# anabolic matrix



## sgtneo (Feb 5, 2005)

hi i have been very tempted by anabolic matrix as it rasies natural testosterone levels and i have checked through side affects and most of them seem fine only one im worried about is the acne side affect does anyone have any more information on this and how likely it is to occur and treat also general information about how good the product is would be usefull

thanks

Neo


----------



## Mudge (Feb 5, 2005)

I would be willing to bet acne is not a terribly likely effect, unless you had very bad acne in your younger years.


----------



## sgtneo (Feb 5, 2005)

no i havent sufferd any form of acne at all just not something i would want to get and would need to be sure of something like that before i consider buying them

Neo


----------



## Arnold (Feb 5, 2005)

you may notice a little acne but typically it's body acne not facial.

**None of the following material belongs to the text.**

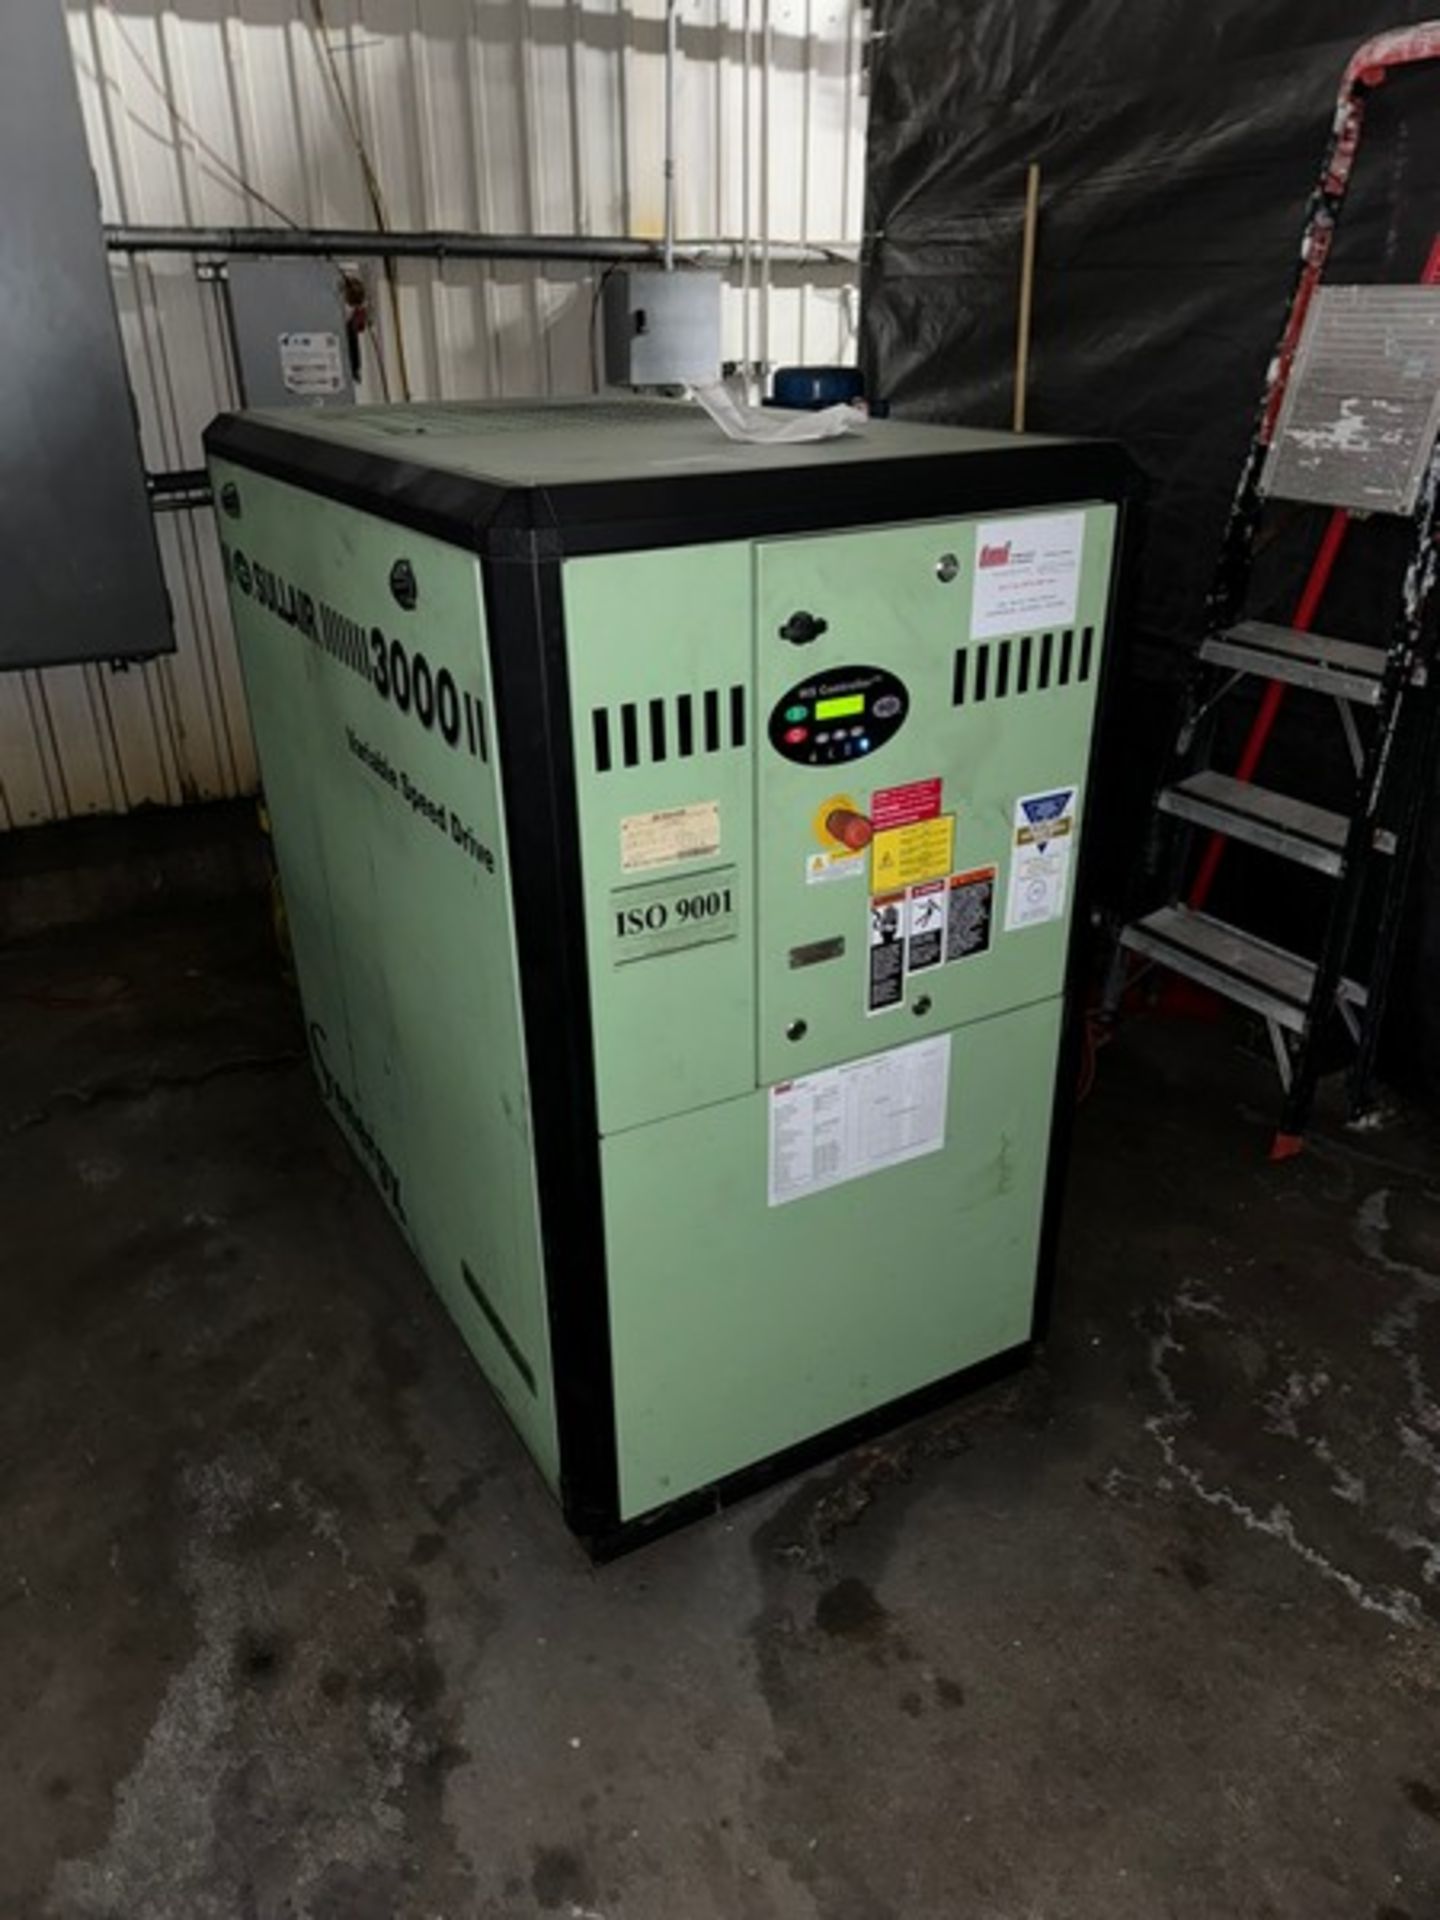 2014 Sullair Air Compressor, M/N 3009VD AC, S/N 201407160089, 125 PSI 167 CFM, with Integral Dryer - Image 2 of 6
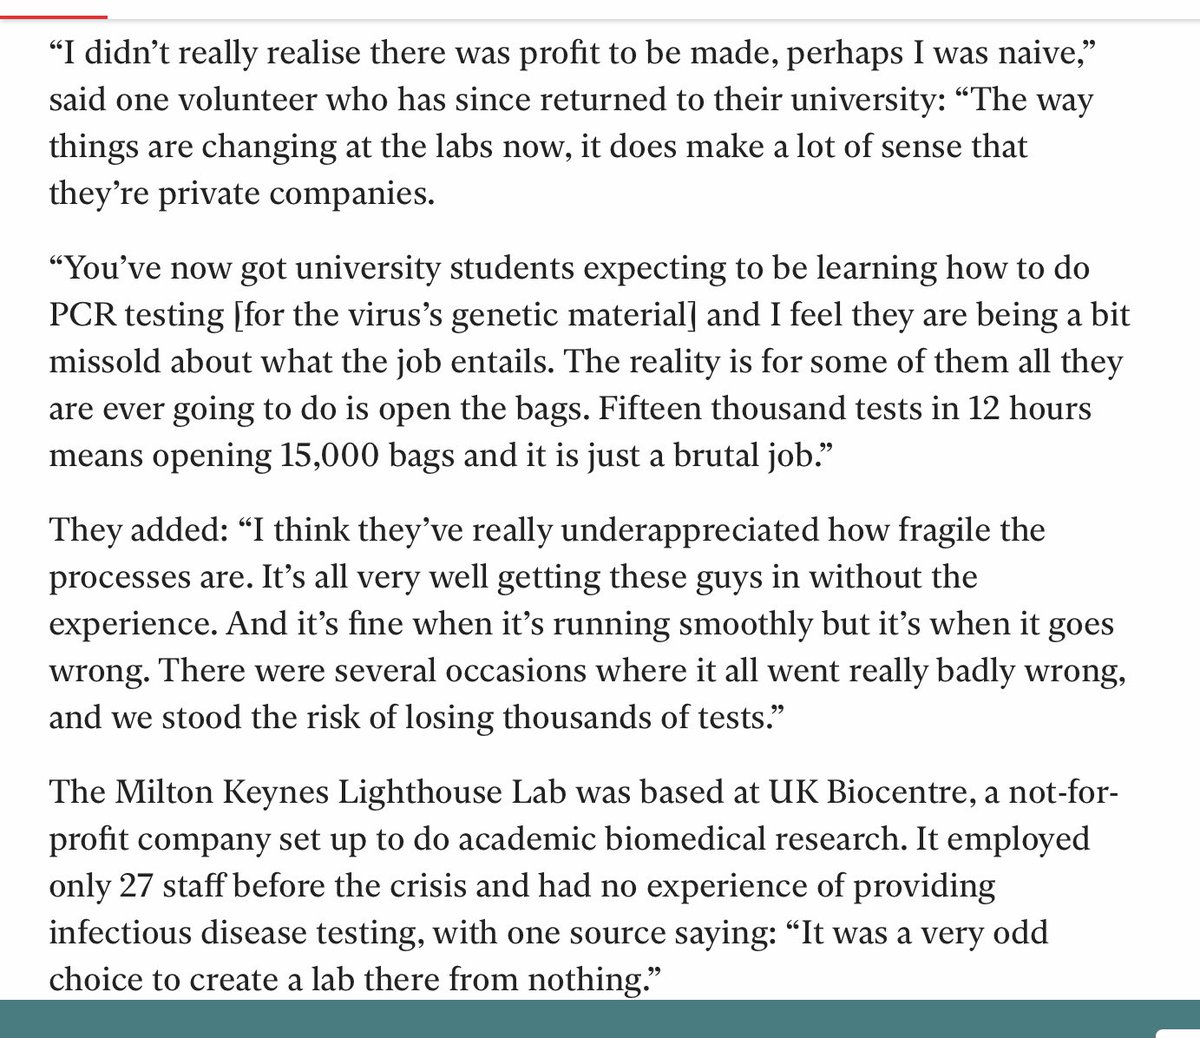 On several occasions, due to lack of experienced personnel, there was a real danger of losing thousands of tests.It looks to me as if they DID lose thousands of tests.One Company, set up and supported a lot of taxpayer funded grants was the Milton Keynes Lab, 12 staff.

but as Mudge said if you do not suffer from acne now you probably will not notice much in the way of acne.


----------



## sgtneo (Feb 5, 2005)

http://www.atlas-dermato.org/images/acne40.jpg

well this is the sort of thing im affraid of and dont want, if there was a way the acne could be stopped or really an unoticable amount i would be ok


----------



## DemolitionNine (Feb 5, 2005)

Anabolic Matrix RX gave me *slight* acne, and made my face really oily... but nothing unbearable. 

 I just upped washing my face to twice a day... with Nutrogena and had no issues.   Only the occasional pimple...  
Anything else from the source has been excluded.